Task objective: From the line with "https://betterboater.ca/Lose%20Licence" to the line with "A wonderful example", retype every line exactly, including those two, and leave out the rest of the data below.

[Extracted records]
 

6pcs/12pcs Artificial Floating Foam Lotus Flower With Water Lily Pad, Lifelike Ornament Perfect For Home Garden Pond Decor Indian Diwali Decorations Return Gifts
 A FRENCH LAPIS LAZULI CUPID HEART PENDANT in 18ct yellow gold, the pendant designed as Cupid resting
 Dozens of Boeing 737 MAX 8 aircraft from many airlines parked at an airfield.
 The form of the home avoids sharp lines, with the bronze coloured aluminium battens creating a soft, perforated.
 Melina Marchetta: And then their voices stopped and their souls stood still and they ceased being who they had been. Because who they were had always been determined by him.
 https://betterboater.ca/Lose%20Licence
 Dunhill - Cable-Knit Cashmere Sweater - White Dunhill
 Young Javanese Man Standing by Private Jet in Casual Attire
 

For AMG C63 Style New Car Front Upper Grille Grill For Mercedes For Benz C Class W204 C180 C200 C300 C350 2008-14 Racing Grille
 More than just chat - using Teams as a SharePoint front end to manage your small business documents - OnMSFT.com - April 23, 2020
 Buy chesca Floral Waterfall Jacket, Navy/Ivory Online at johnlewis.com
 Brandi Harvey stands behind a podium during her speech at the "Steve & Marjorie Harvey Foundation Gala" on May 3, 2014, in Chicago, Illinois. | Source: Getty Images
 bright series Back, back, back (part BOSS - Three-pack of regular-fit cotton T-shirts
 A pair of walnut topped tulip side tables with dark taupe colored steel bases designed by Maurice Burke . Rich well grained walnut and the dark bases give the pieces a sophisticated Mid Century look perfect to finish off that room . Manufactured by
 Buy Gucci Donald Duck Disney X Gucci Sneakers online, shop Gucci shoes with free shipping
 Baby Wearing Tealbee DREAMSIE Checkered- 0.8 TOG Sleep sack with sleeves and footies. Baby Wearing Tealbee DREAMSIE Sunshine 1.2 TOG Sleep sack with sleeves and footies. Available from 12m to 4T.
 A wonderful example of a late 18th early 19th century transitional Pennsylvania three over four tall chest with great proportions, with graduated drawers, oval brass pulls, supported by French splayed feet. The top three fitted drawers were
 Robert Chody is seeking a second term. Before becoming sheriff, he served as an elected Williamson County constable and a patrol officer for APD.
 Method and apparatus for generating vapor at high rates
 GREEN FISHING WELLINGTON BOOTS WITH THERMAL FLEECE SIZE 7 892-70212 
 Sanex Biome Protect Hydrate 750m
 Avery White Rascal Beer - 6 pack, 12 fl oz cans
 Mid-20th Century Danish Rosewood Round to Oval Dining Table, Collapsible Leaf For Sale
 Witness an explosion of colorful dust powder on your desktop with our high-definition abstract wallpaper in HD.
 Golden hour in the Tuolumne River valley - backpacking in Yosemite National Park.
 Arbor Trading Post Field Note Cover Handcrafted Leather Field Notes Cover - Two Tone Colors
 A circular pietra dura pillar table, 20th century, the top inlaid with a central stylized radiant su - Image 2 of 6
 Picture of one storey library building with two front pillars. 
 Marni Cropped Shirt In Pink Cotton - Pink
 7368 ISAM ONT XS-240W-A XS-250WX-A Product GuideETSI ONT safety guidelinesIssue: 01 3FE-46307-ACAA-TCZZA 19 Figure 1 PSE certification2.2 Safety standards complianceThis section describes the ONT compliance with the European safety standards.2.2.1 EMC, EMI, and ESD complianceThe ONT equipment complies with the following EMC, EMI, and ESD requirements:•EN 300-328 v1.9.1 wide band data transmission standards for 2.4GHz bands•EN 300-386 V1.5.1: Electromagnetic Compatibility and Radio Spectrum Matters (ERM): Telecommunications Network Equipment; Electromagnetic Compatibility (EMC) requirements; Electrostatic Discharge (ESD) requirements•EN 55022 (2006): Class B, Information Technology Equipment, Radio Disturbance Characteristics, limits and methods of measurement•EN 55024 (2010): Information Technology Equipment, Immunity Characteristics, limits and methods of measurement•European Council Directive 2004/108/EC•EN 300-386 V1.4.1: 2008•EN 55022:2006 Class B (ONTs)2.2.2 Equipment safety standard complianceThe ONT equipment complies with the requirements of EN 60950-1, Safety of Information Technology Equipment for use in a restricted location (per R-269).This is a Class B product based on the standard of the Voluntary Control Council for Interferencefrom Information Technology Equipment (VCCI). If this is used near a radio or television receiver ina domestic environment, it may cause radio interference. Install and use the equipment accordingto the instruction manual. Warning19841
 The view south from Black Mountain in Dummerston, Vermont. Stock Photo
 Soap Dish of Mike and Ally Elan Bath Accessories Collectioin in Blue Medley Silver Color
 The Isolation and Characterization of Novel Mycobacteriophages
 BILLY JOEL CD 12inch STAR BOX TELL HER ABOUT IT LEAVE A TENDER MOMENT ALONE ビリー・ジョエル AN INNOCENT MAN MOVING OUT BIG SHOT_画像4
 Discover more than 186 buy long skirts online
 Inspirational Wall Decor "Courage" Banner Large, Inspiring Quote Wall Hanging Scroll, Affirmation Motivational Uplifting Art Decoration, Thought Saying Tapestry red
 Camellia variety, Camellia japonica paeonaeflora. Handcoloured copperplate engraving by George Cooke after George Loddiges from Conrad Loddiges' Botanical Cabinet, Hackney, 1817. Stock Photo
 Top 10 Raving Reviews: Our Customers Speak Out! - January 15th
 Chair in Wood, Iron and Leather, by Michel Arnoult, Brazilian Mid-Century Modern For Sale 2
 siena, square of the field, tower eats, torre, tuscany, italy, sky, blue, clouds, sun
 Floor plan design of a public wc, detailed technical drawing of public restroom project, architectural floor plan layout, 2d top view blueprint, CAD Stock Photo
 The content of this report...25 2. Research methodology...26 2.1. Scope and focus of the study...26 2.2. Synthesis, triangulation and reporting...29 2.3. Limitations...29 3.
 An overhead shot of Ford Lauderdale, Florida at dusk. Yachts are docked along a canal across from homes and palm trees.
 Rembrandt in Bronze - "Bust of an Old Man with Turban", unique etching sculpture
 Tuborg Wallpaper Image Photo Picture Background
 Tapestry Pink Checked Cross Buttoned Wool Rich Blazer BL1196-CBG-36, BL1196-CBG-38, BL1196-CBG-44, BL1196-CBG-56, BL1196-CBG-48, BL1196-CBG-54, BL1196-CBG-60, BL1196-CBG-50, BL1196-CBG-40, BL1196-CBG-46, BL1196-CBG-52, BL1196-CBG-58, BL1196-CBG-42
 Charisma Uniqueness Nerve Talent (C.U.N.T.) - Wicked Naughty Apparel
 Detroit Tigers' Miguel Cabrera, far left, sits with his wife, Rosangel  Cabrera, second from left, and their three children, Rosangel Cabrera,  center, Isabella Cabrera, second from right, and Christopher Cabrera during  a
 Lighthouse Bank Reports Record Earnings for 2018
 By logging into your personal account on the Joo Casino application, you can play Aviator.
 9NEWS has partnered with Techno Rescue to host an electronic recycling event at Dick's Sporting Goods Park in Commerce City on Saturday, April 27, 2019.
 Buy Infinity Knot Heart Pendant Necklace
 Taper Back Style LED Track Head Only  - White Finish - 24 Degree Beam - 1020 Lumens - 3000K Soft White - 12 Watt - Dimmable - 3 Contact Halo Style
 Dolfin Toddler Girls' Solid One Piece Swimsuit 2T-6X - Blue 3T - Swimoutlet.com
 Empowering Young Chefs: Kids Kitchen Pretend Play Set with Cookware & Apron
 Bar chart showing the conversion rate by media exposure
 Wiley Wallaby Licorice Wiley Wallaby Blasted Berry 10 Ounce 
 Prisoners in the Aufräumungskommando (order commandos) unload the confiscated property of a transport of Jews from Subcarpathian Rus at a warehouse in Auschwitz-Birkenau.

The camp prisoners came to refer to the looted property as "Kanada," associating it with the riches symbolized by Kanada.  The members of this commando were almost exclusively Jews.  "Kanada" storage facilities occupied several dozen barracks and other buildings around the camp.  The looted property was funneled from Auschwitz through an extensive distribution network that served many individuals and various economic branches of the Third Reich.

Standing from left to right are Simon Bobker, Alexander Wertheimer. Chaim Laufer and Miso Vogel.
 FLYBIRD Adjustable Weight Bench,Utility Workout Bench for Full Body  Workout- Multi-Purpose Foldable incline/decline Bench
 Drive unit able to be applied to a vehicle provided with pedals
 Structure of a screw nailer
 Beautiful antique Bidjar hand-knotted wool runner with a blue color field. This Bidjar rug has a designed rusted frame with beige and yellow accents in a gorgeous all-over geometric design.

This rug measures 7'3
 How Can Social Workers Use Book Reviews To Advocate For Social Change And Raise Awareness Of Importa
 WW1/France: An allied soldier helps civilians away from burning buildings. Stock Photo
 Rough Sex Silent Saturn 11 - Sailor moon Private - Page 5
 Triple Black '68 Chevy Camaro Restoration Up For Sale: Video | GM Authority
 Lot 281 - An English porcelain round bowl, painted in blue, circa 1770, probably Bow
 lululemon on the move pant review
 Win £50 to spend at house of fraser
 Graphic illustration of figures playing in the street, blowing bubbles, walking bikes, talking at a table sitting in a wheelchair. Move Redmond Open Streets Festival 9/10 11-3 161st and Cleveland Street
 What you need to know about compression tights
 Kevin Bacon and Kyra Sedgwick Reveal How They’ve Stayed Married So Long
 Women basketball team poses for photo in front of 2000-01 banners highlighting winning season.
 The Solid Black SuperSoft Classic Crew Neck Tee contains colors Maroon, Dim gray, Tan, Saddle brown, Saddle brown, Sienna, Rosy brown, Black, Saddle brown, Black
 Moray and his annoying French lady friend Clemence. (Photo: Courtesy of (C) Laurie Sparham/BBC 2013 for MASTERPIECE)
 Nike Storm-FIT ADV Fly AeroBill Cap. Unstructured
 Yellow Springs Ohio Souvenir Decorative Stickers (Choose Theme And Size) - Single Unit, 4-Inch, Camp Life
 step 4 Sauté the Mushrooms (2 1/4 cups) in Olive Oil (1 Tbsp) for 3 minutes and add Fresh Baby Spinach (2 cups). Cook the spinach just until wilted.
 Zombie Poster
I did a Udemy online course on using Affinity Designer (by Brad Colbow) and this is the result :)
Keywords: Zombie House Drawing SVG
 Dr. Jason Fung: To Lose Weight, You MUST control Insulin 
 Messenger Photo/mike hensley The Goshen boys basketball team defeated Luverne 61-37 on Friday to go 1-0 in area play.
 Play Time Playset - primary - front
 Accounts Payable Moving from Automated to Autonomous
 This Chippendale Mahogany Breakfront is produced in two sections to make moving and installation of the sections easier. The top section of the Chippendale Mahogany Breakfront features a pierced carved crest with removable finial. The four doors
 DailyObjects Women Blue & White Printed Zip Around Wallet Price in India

Solution to the exercise:
 https://betterboater.ca/Lose%20Licence
 Dunhill - Cable-Knit Cashmere Sweater - White Dunhill
 Young Javanese Man Standing by Private Jet in Casual Attire
 

For AMG C63 Style New Car Front Upper Grille Grill For Mercedes For Benz C Class W204 C180 C200 C300 C350 2008-14 Racing Grille
 More than just chat - using Teams as a SharePoint front end to manage your small business documents - OnMSFT.com - April 23, 2020
 Buy chesca Floral Waterfall Jacket, Navy/Ivory Online at johnlewis.com
 Brandi Harvey stands behind a podium during her speech at the "Steve & Marjorie Harvey Foundation Gala" on May 3, 2014, in Chicago, Illinois. | Source: Getty Images
 bright series Back, back, back (part BOSS - Three-pack of regular-fit cotton T-shirts
 A pair of walnut topped tulip side tables with dark taupe colored steel bases designed by Maurice Burke . Rich well grained walnut and the dark bases give the pieces a sophisticated Mid Century look perfect to finish off that room . Manufactured by
 Buy Gucci Donald Duck Disney X Gucci Sneakers online, shop Gucci shoes with free shipping
 Baby Wearing Tealbee DREAMSIE Checkered- 0.8 TOG Sleep sack with sleeves and footies. Baby Wearing Tealbee DREAMSIE Sunshine 1.2 TOG Sleep sack with sleeves and footies. Available from 12m to 4T.
 A wonderful example of a late 18th early 19th century transitional Pennsylvania three over four tall chest with great proportions, with graduated drawers, oval brass pulls, supported by French splayed feet. The top three fitted drawers were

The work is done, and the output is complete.